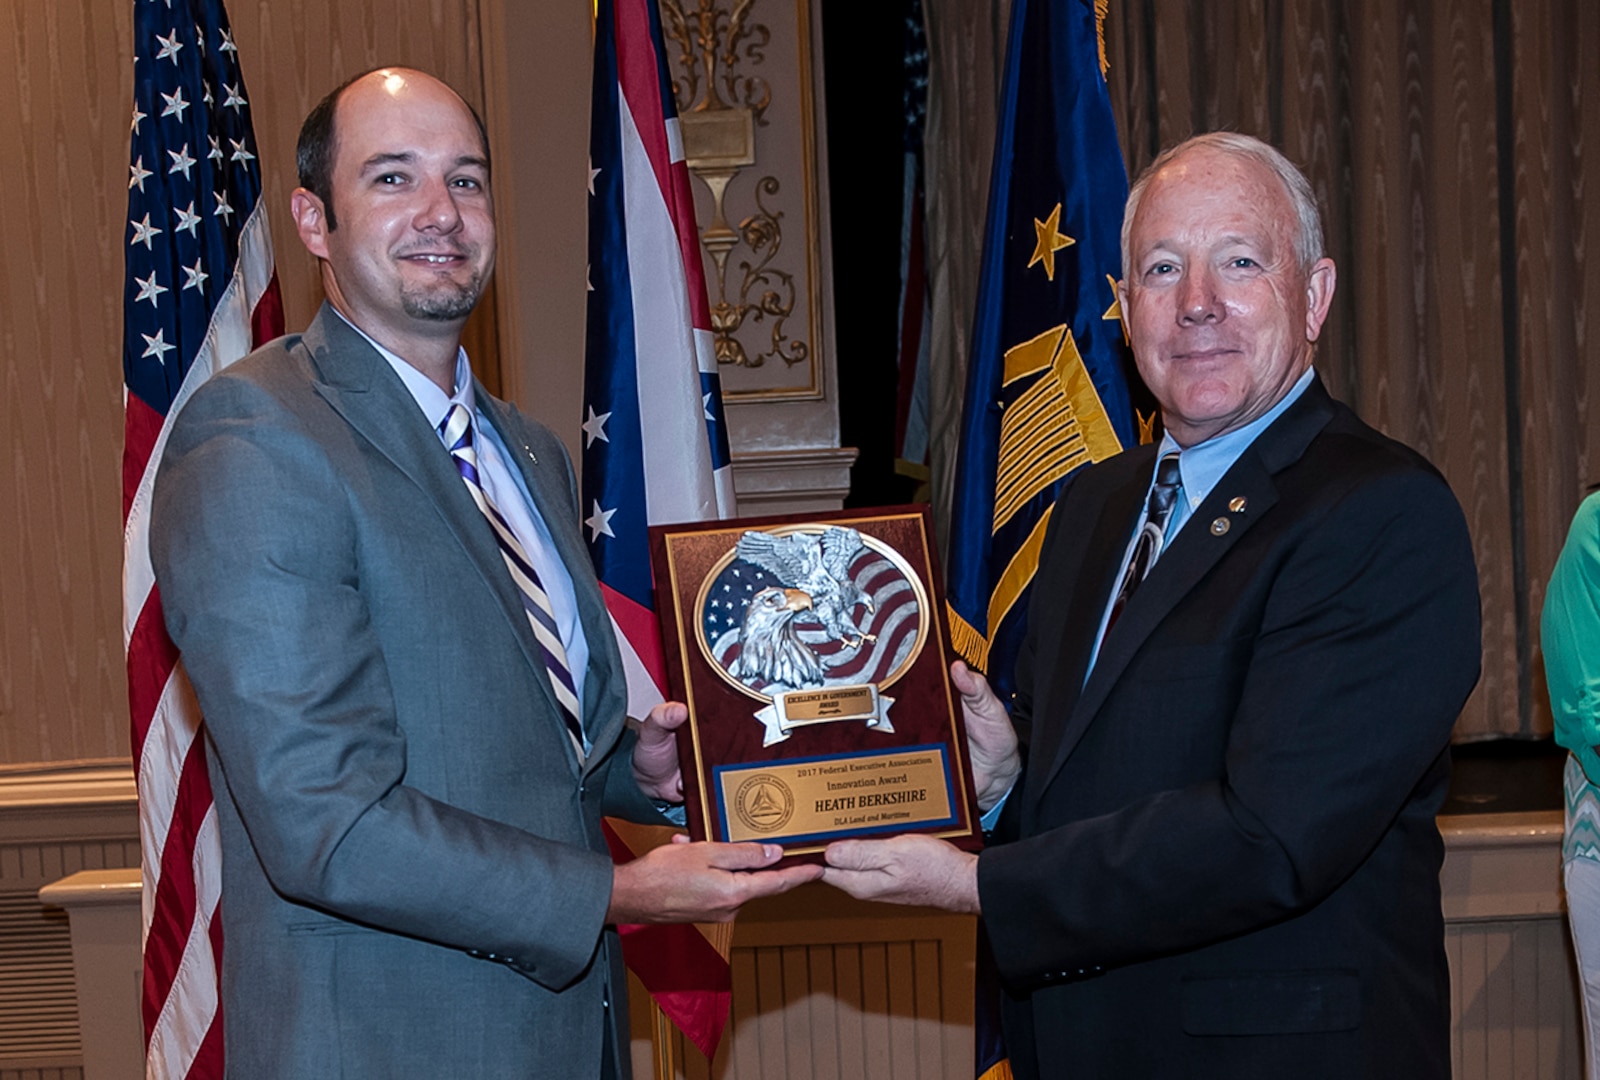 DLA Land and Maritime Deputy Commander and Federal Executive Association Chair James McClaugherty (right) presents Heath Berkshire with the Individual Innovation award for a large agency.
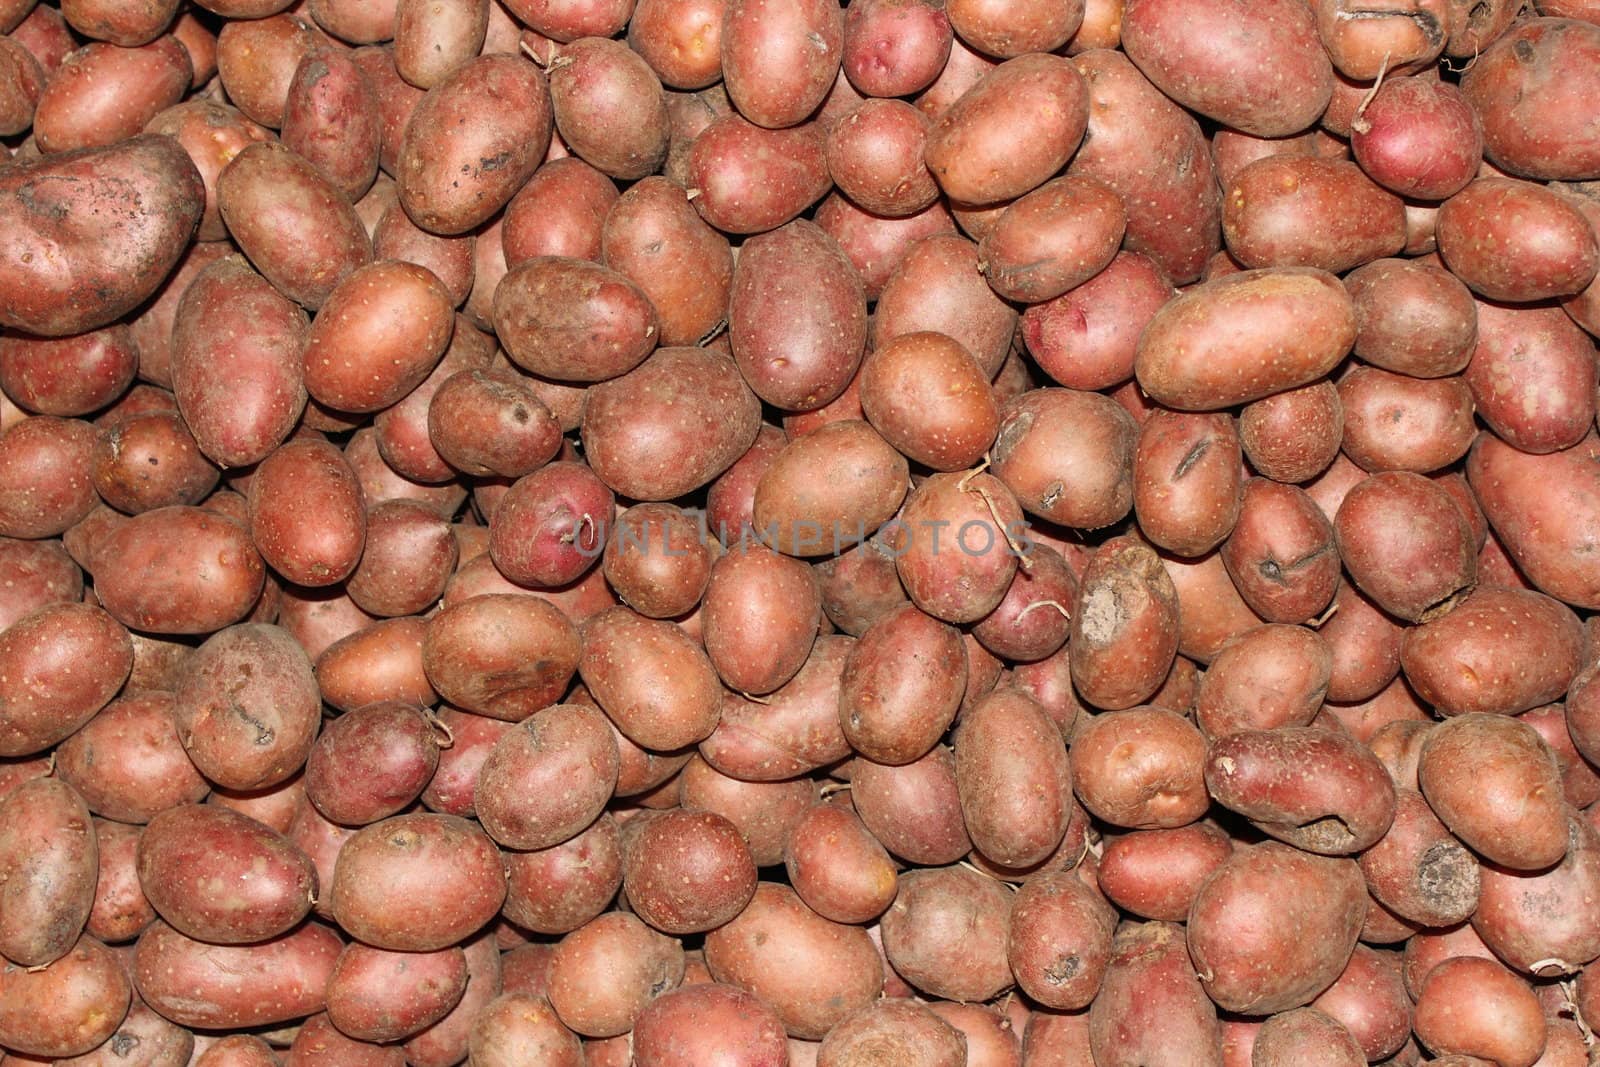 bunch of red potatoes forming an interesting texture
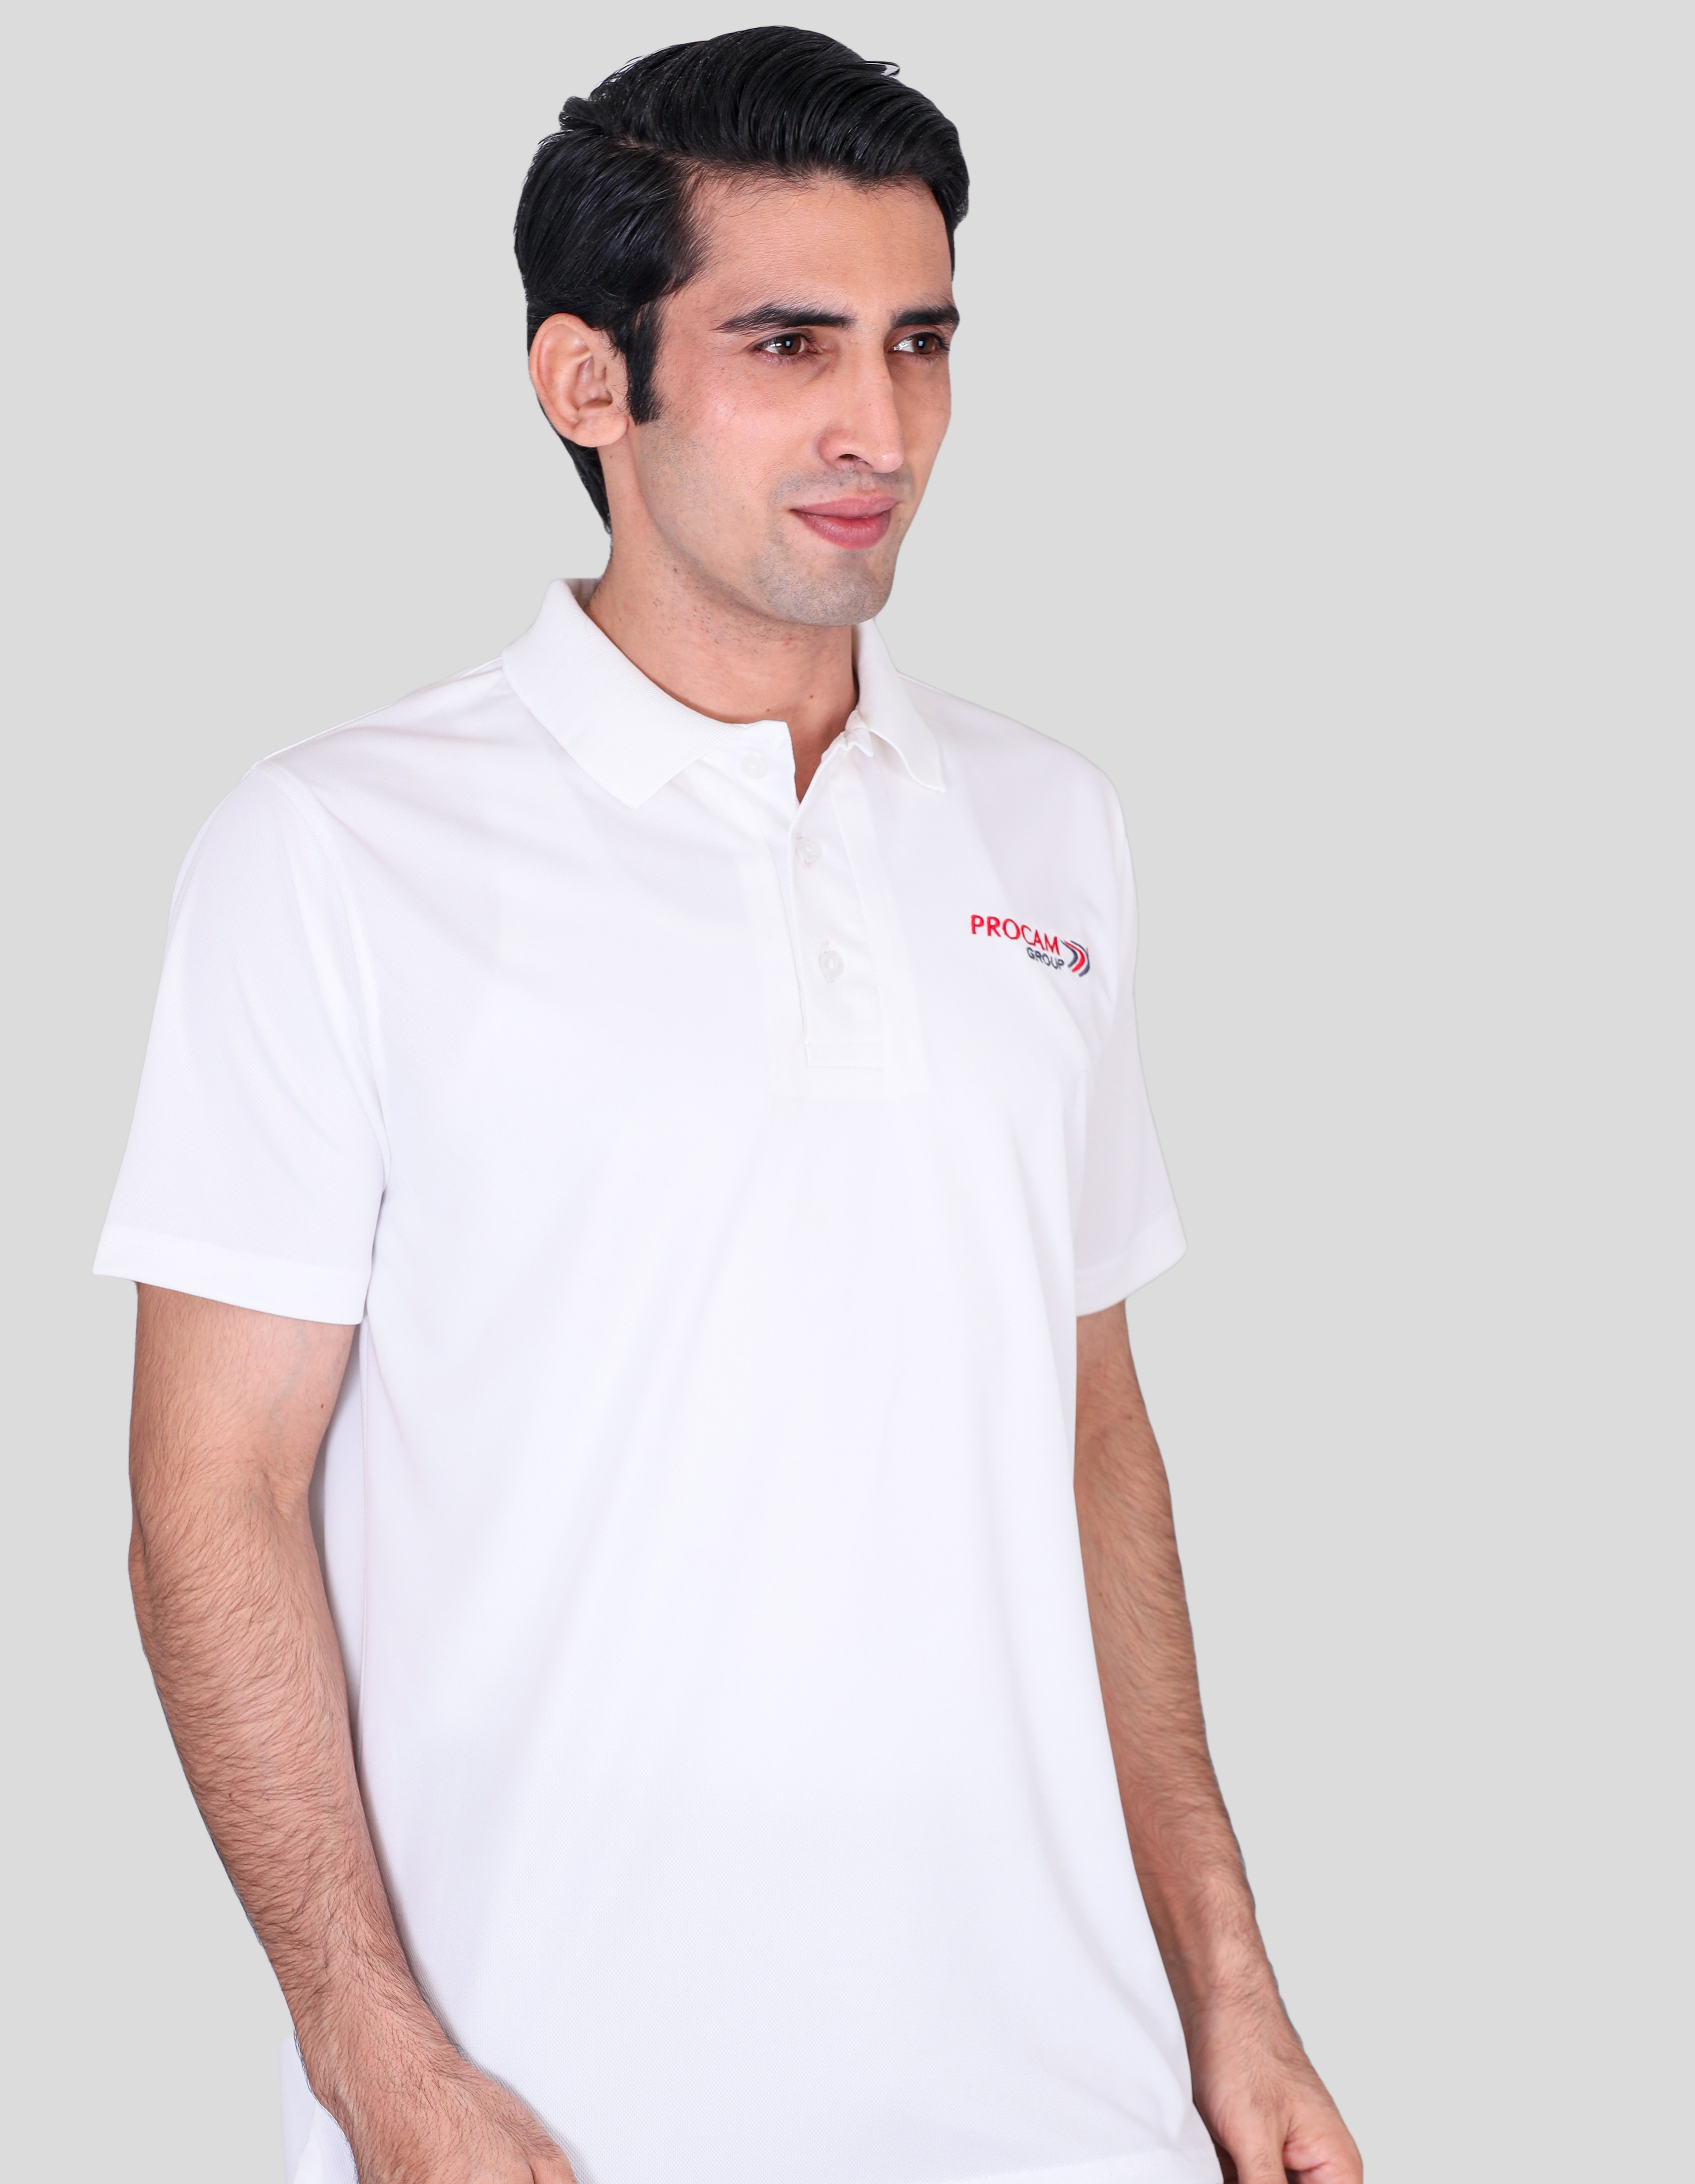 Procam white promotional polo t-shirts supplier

——————————

→ Required work: Beginning with the line that has "bunch of red", repeat each remaining line of the data above word for word, keeping pictures out.

→ Expected answer:
 bunch of red potatoes forming an interesting texture
 Procam white promotional polo t-shirts supplier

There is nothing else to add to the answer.